HINT: We did this in week 3.
df <- X2018_UCR_PA %>%
rename(violent.crime = 'Violent\r\ncrime') %>%
rename(murder.manslaughter = 'Murder and\r\nnonnegligent\r\nmanslaughter') %>%
rename(aggravated.assault = 'Aggravated\r\nassault') %>%
rename(property.crime = 'Property\r\ncrime') %>%
rename(larceny.theft = 'Larceny-\r\ntheft') %>%
rename(motor.theft = 'Motor\r\nvehicle\r\ntheft')
summary(df)
## City Population violent.crime murder.manslaughter
## Length:989 Min. : 132 Min. : 0.00 Min. : 0.0000
## Class :character 1st Qu.: 2066 1st Qu.: 1.00 1st Qu.: 0.0000
## Mode :character Median : 4320 Median : 5.00 Median : 0.0000
## Mean : 10054 Mean : 34.16 Mean : 0.6977
## 3rd Qu.: 9088 3rd Qu.: 15.00 3rd Qu.: 0.0000
## Max. :1586916 Max. :14420.00 Max. :351.0000
## Rape Robbery aggravated.assault property.crime
## Min. : 0.000 Min. : 0.000 Min. : 0.00 Min. : 0.0
## 1st Qu.: 0.000 1st Qu.: 0.000 1st Qu.: 1.00 1st Qu.: 9.0
## Median : 0.000 Median : 0.000 Median : 4.00 Median : 40.0
## Mean : 2.971 Mean : 9.449 Mean : 21.05 Mean : 164.6
## 3rd Qu.: 1.000 3rd Qu.: 2.000 3rd Qu.: 11.00 3rd Qu.: 105.0
## Max. :1095.000 Max. :5262.000 Max. :7712.00 Max. :49145.0
## Burglary larceny.theft motor.theft Arson
## Min. : 0.00 Min. : 0.0 Min. : 0.00 Min. : 0.000
## 1st Qu.: 1.00 1st Qu.: 7.0 1st Qu.: 0.00 1st Qu.: 0.000
## Median : 5.00 Median : 32.0 Median : 1.00 Median : 0.000
## Mean : 21.42 Mean : 131.3 Mean : 11.84 Mean : 1.147
## 3rd Qu.: 12.00 3rd Qu.: 89.0 3rd Qu.: 4.00 3rd Qu.: 0.000
## Max. :6497.00 Max. :36968.0 Max. :5680.00 Max. :430.000
Create a new variable called violent_crime_rate as you did in questions 2c and 2d.
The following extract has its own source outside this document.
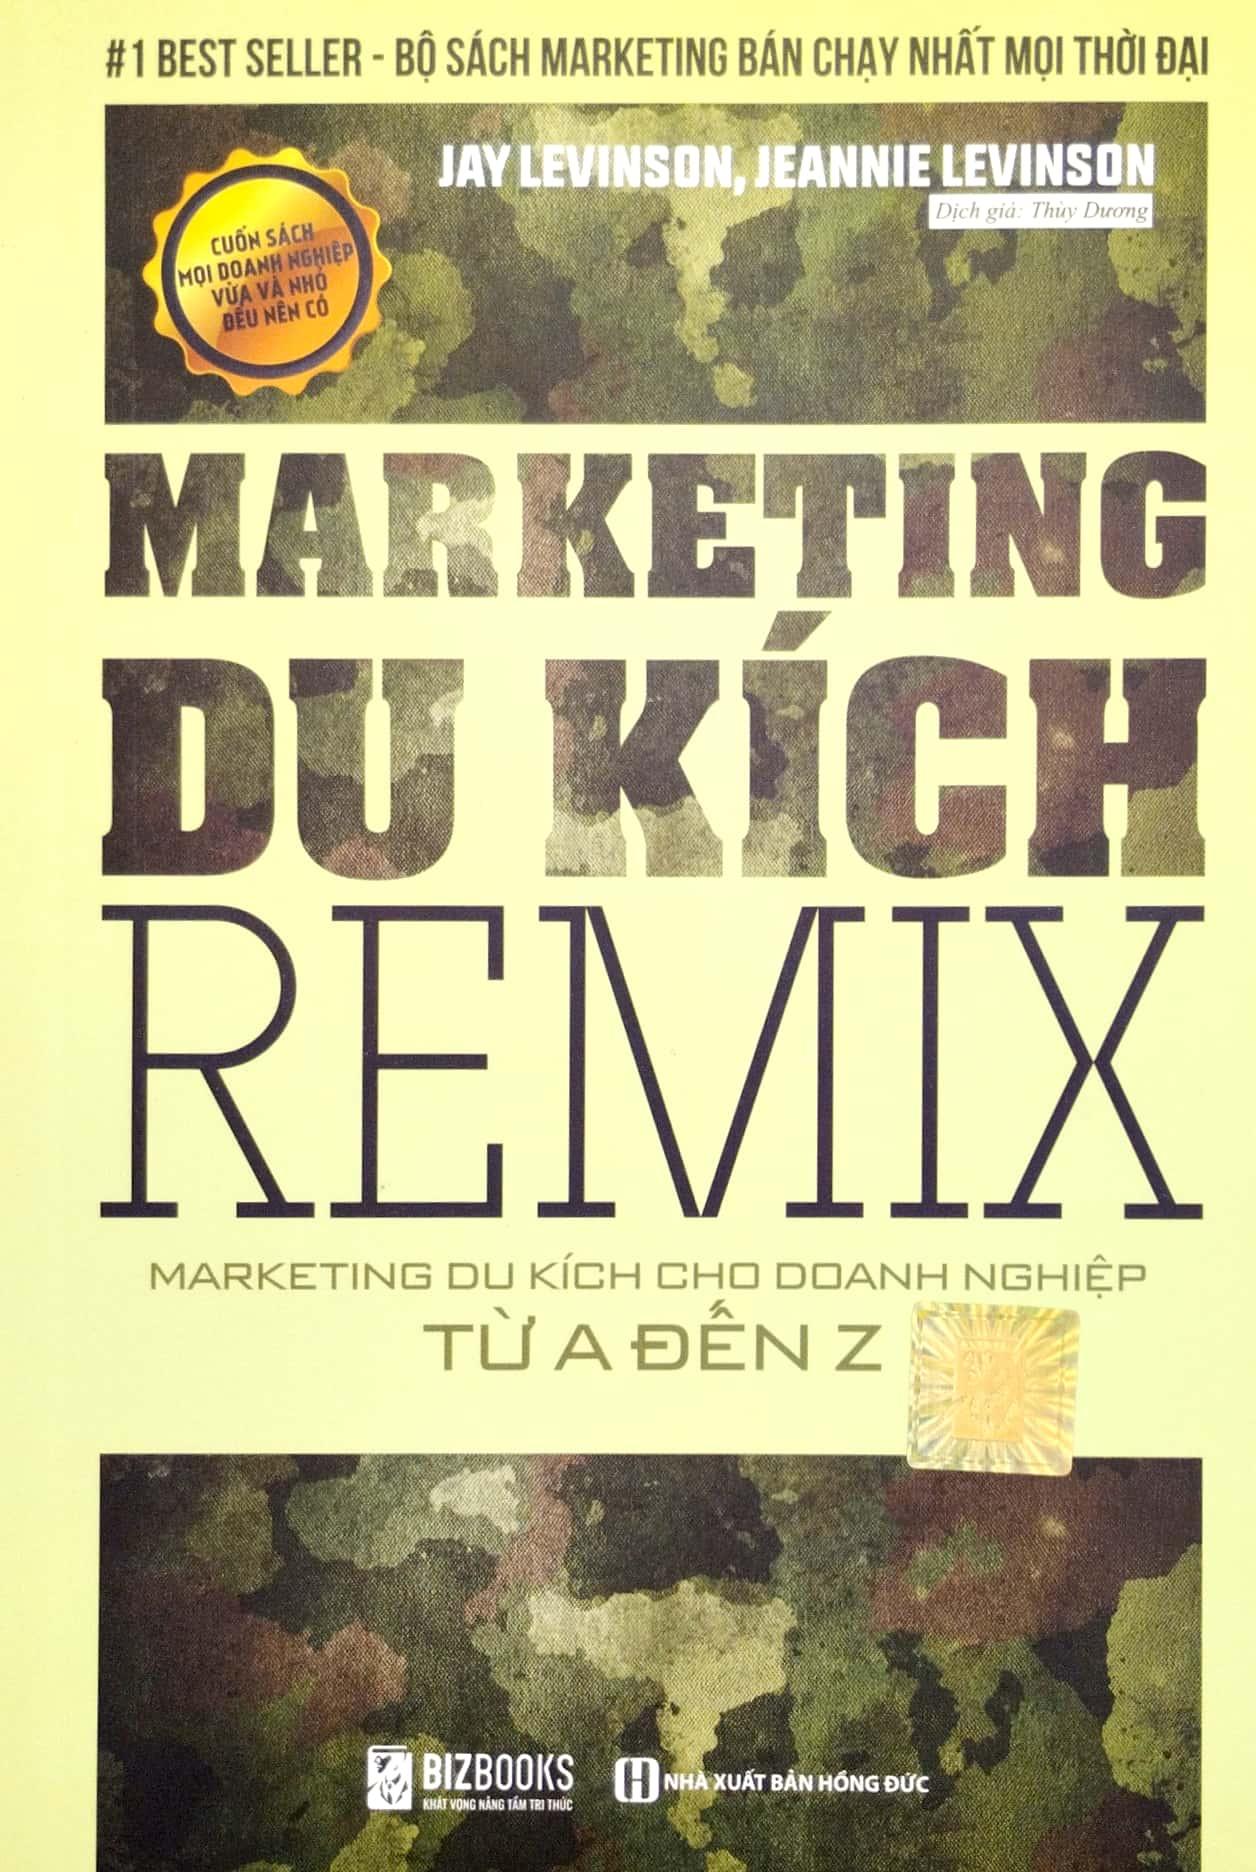 Marketing Du Kích Remix - Marketing Du Kích Cho Doanh Nghiệp Từ A Đến Z

violent_crime_rate <- (df$violent.crime/df$Population)*100000
df_rate <- df %>%
mutate(violent_crime_rate = (df$violent.crime/df$Population)*100000)
head(df_rate)
## # A tibble: 6 × 13
## City Population violent.crime murder.manslaughter Rape Robbery
## <chr> <dbl> <dbl> <dbl> <dbl> <dbl>
## 1 Abington Township,… 55631 44 1 6 12
## 2 Adamstown 1857 3 0 0 0
## 3 Adams Township, Bu… 14105 3 0 0 0
## 4 Adams Township, Ca… 5581 0 0 0 0
## 5 Akron 4015 7 0 1 0
## 6 Albion 1466 0 0 0 0
## # ℹ 7 more variables: aggravated.assault <dbl>, property.crime <dbl>,
## # Burglary <dbl>, larceny.theft <dbl>, motor.theft <dbl>, Arson <dbl>,
## # violent_crime_rate <dbl>
Create a histogram based on violent_crime_rate. HINT: See page 31 in Basic Statistics using R
crime.rate.table <- df_rate %>%
ggplot(aes(x = violent_crime_rate, fill = ..count..)) +
geom_histogram() +
labs(x = "Crime rates", y = "Frequency", title = "Distribution of Crime Rates") +
theme_minimal()
crime.rate.table
## Warning: The dot-dot notation (`..count..`) was deprecated in ggplot2 3.4.0.
## ℹ Please use `after_stat(count)` instead.
## This warning is displayed once every 8 hours.
## Call `lifecycle::last_lifecycle_warnings()` to see where this warning was
## generated.
## `stat_bin()` using `bins = 30`. Pick better value `binwidth`.
Knit this Rmarkdown file and submit it via the link in the week 6 folder.